The post can't be accessed with a Internal Server Error. Or is it just my ISP? I often confuse myself with other representation learning methods such as graph kernels https://en.wikipedia.org/wiki/Graph_kernel
This beauty got an outstanding paper award at COLING 2020.
GNNs are not applied to "common tasks" because they are primarily suited for environments where graph structure is present. In this case, predicting how the Indian congress will vote.
A bunch of fully connected layers also "contains a CNN inside", but empirically CNNs lead to better performance on image classification tasks. When you can cut away an enormous, and mostly irrelevant part of the parameter space, that has a lot of value.
You should look at label propagation. Combining Label Propagation and Simple Models Out-performs Graph Neural Networks: https://arxiv.org/abs/2010.13993
This is like someone going "I installed NLTK and it's slow and doesn't support transformers or word2vec!". In fact, I think the author of the article may have actually done exactly that.
But what bothered me in your article is what you wrote about graph data structures.
NetworkX is indeed very slow, this is due to two facts: - NetworkX is a pure Python implementation and does not relay on some methods written in a faster language like C. - They use dictionaries to represent the graphs, which may have some advantages when mutating graphs, but of course have much worse locality than an adjacency list or a some sparse matrix format.

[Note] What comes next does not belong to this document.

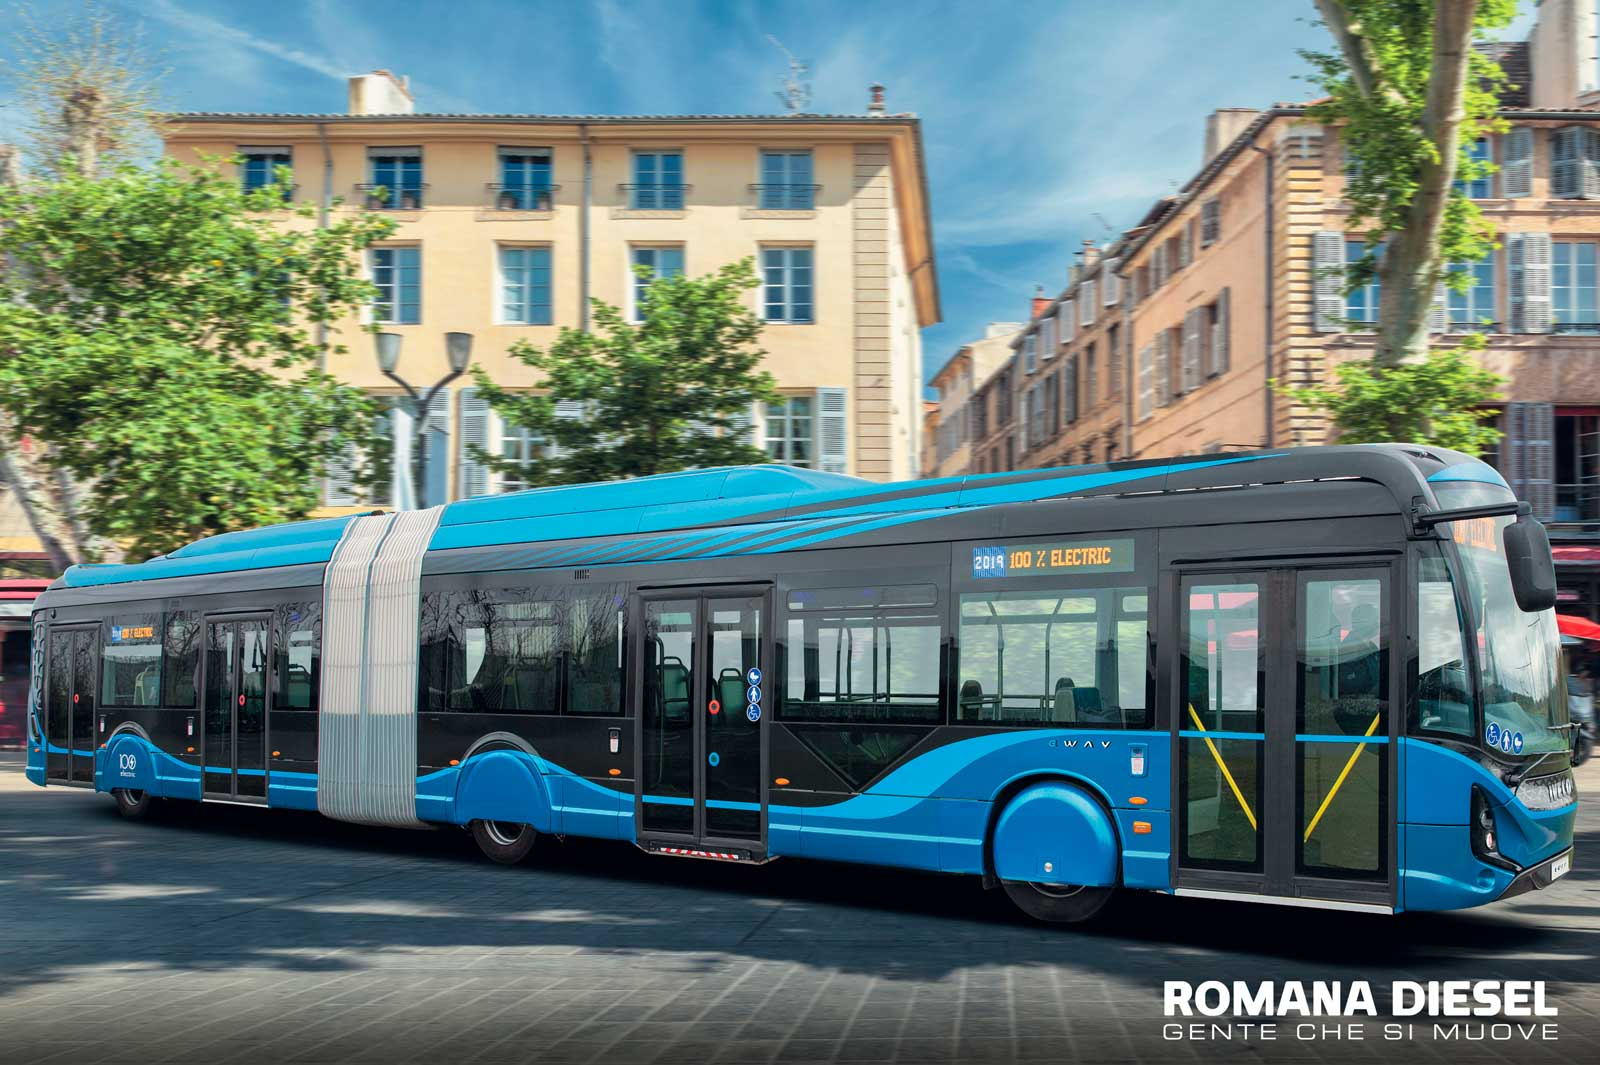 IVECO E-WAY di HEULIEZ autobus elettrico

But even for python there are much faster libraries such as igraph. The data structure in igraph is an edge list.
A lot of single core graph libraries use an adjacency list internally, and while it is true that the index list for each vertex can be somewhere arbitrary in memory, they usually do not behave like a linked list, unless you graph is really sparse. One of the most used operations in graph algorithms is to iterate over the neighbors of a vertex, and for this, adjacency lists are very good.
They also have a small advantage over CSR matrices for adding or removing edges, and they might use slightly less memory, as their index type only needs to be able to index all vertices and not all edges, so they need half of the space, which is better for caches.